Carolina Bescansa is a Spanish politician and political scientist who co-founded the political party Podemos. She was a representative for Madrid in the Spanish Congress of Deputies from 2016 to 2019.

==Academic work==
Bescansa is from Santiago de Compostela. She studied Sociology and Political Science in Grenada and Madrid, focusing specifically on political sociology and the study of constitutional law. After graduating in 1994, she did a specialist degree in constitutional law at the Centre for Political and Constitutional Studies.
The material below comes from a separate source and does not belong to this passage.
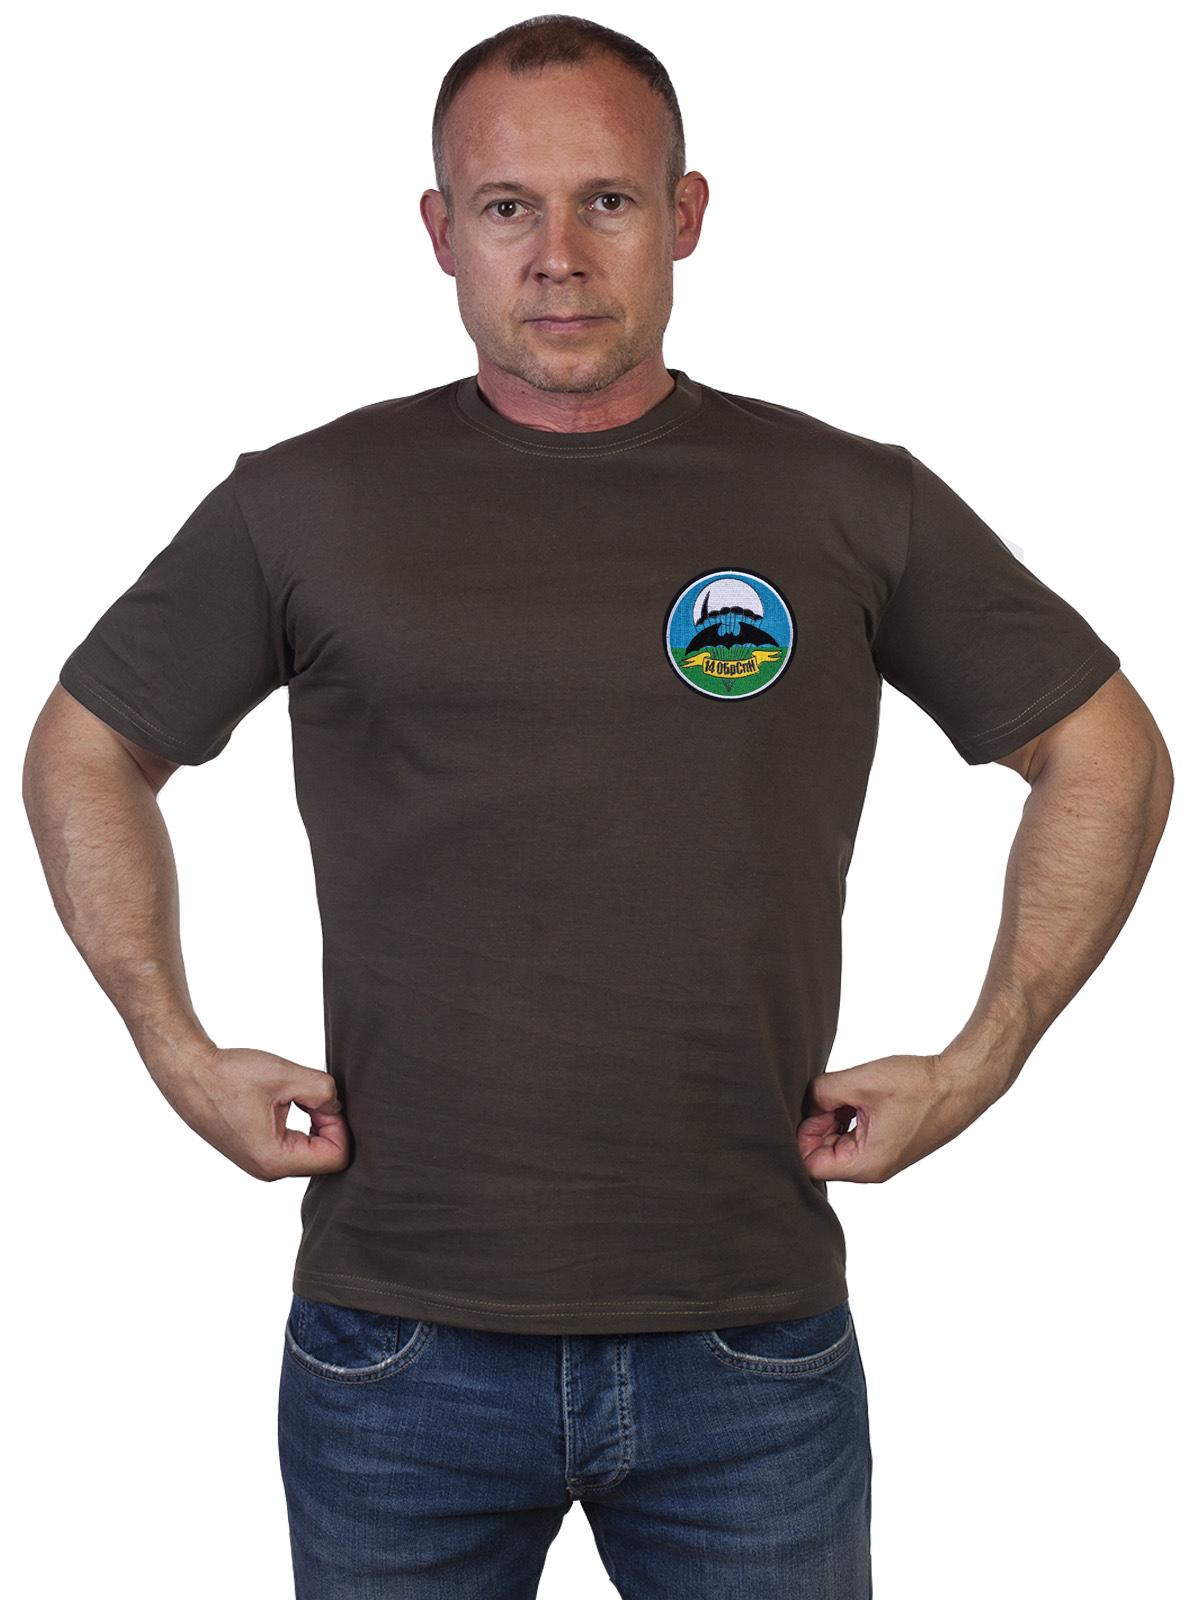 Мужские футболки 14 ОБрСпН

She then became a doctoral student at the Complutense University of Madrid, and in the 1999–2000 school year she participated in an Education Abroad Program at the University of California, San Diego.

In 1995, she began to teach political science classes at the Complutense University of Madrid, where she became a member of the political science faculty specializing in the methodology of political science research.

==Political career==
Bescansa was a co-founder of the political party Podemos, officially registering it as a political party on 11 March 2014 together with Pablo Iglesias Turrión and Juan Carlos Monedero.

In 2014, Bescansa was not on the party list of Podemos, but that year she was elected to the Citizens' Council of the party with about 85% of the votes. This made her the most powerful woman and one of the three most powerful people in the party organization. Bescansa also used her expertise as a political science methodologist in her partisan work, heading the party's political analysis unit and analysing its surveys.

In the 2015 Spanish general election, Bescansa was ranked second on the Podemos party list to the Congress of Deputies for the Madrid constituency, and she won the seat. She launched a candidacy for President of the Congress of Deputies, but lost the race to Patxi López.

In 2017, Bescansa publicly split with the leadership of Podemos, and left her positions within the party. She was subsequently affiliated with a coalition of Más País and Equo.